The China Boom on US Campuses - cwan
http://www.nytimes.com/2010/11/07/education/07china-t.html?ref=education

======
fhe
I am a Chinese who went to college (a small liberal arts college) in the
States. This was 10 years ago, so I am not part of the current wave. I
returned to China after graduation, and have recently begun interviewing
applicants for my alma mater (because there are now so many applicants from
China). I have been meeting currently enrolled students and applicants. Here
are a few observations.

\- there are indeed a lot more of them than before. at the time I was
attending, each year we had maybe one student from China. Now they enroll 5-6
every year.

\- more rich kids. when i was attending, the chinese students were all
attending on a full scholarship from the school (private US education cost
being what it was, and Chinese per capita GDP being what it was, few Chinese
families could afford it without the scholarship) - these probably explains
why they admitted only one student from China per year. but these days, the
families don't seem to bat an eye paying the full $40K+/year.

\- students are getting more mainstream. in the 90s, applying to colleges from
China was like a hack. nobody knew much about anything. to even dream of such
things was to be a little quirky. but these days there are all these SAT prep
courses and consultants (two of my friends were in this business), and high
schools have dedicated advisors on applying to US colleges. and this shows in
the students admitted. I remember back then the Chinese students were more
creative and original and adventurous (for coming to the US is a
risky/adventurous thing to do. selection bias here, not unlike the adventurous
1st generation immigrants coming to the States); these days we get far more
over-achieving resume-builders who were president of student clubs, and I
think will go on to be investment bankers and have successful careers and I
hope will donate back to the school generously one day. Instead of the odd kid
who couldn't fit in, and said "f&!k it, I am getting the hell out of here" --
I was such a kid. (I realize this is probably an unfair judgment because I did
not have as much interaction with the current students/applicants as I had
with people whom I attended school with.)

I am quite ambivalent about the situation.
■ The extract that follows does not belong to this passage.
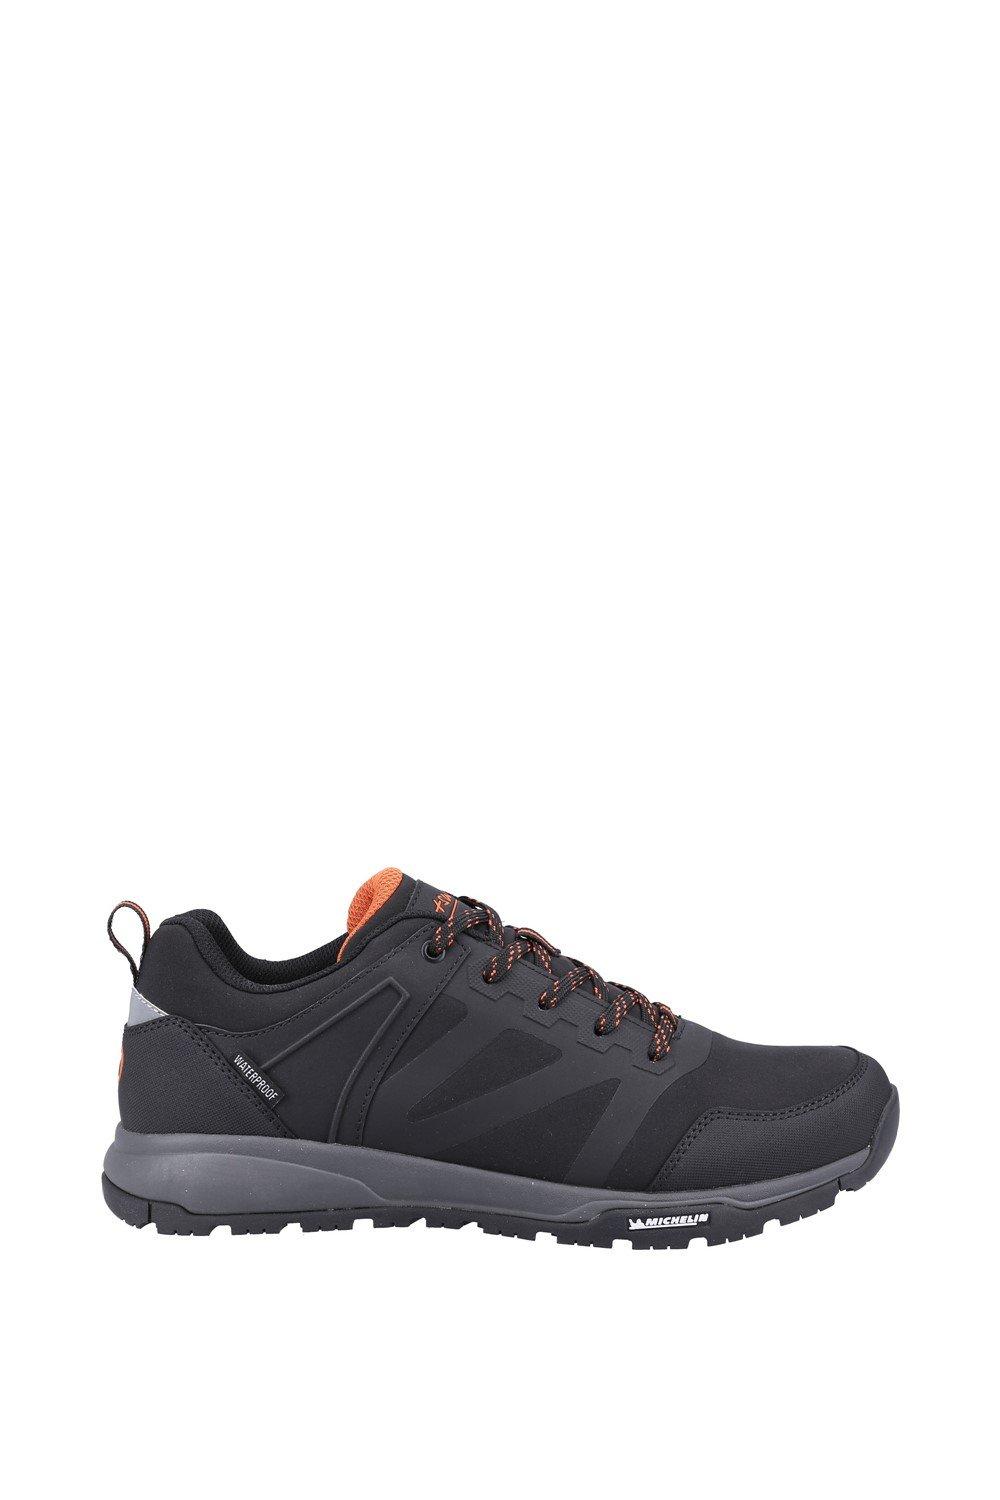 Мужские низкие ботинки Kingham Cotswold, черный free soldier тактические мужские альпинисткие спортивные дышащие кроссовки для пешего туризма

I am happy that my school is
getting some attention at this end of the world. but I don't know how I feel
about the change in the kind of students we attract and will have as alumni.

------
barry-cotter
In brief; a collection of anecdotes about the rapidly increasing number of PRC
students at US universities at undergraduate level, with little in the way of
structure.

Interesting points; The Chinese are going everywhere, including no name
horribly expensive private colleges. They often experience culture shock and
find the drinking and party culture not much fun. The native USAns' social
circles are heavily race stratified, the Chinese often socialise very heavily
among themselves, living in houses that are all Chinese for example.
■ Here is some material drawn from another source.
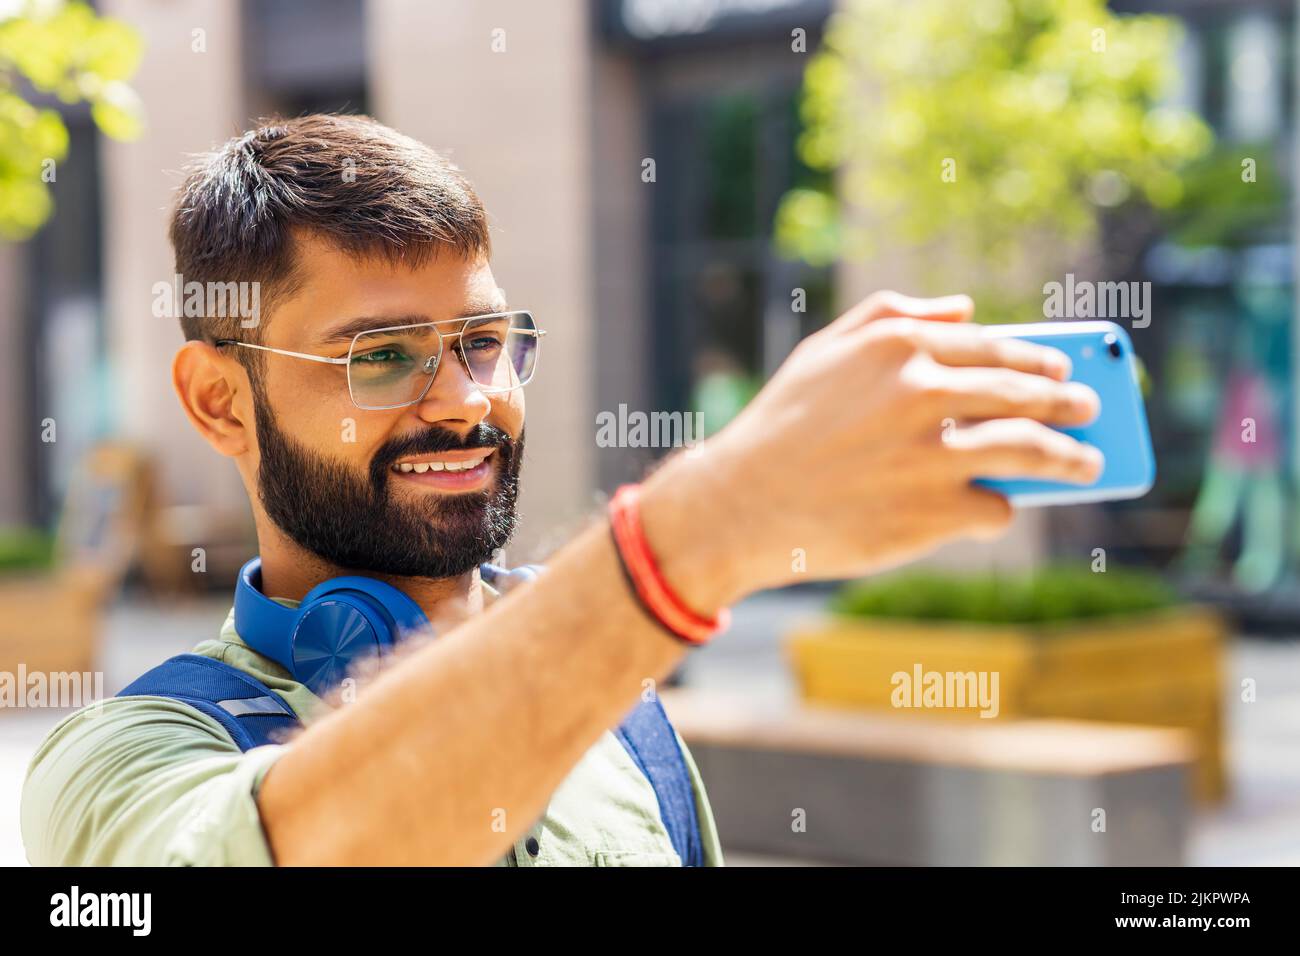 studente indiano con cuffia blu e zaino che scatta foto selfie sullo smartphone nelle giornate di sole Foto Stock

\- Britain and Australia got there first with the realisation that foreign
students can be conned into going to third or fourth tier universities and
paying handsomely for it. \- There is enormous money in preparing and
"preparing" students for going abroad. \- Interesting snippets about some
universities in the article; the University of Vermont was less than 1%
international student until quite recently, Northwestern either needs money or
wants to expand its brand, and Columbia like Stanford has an education
programme.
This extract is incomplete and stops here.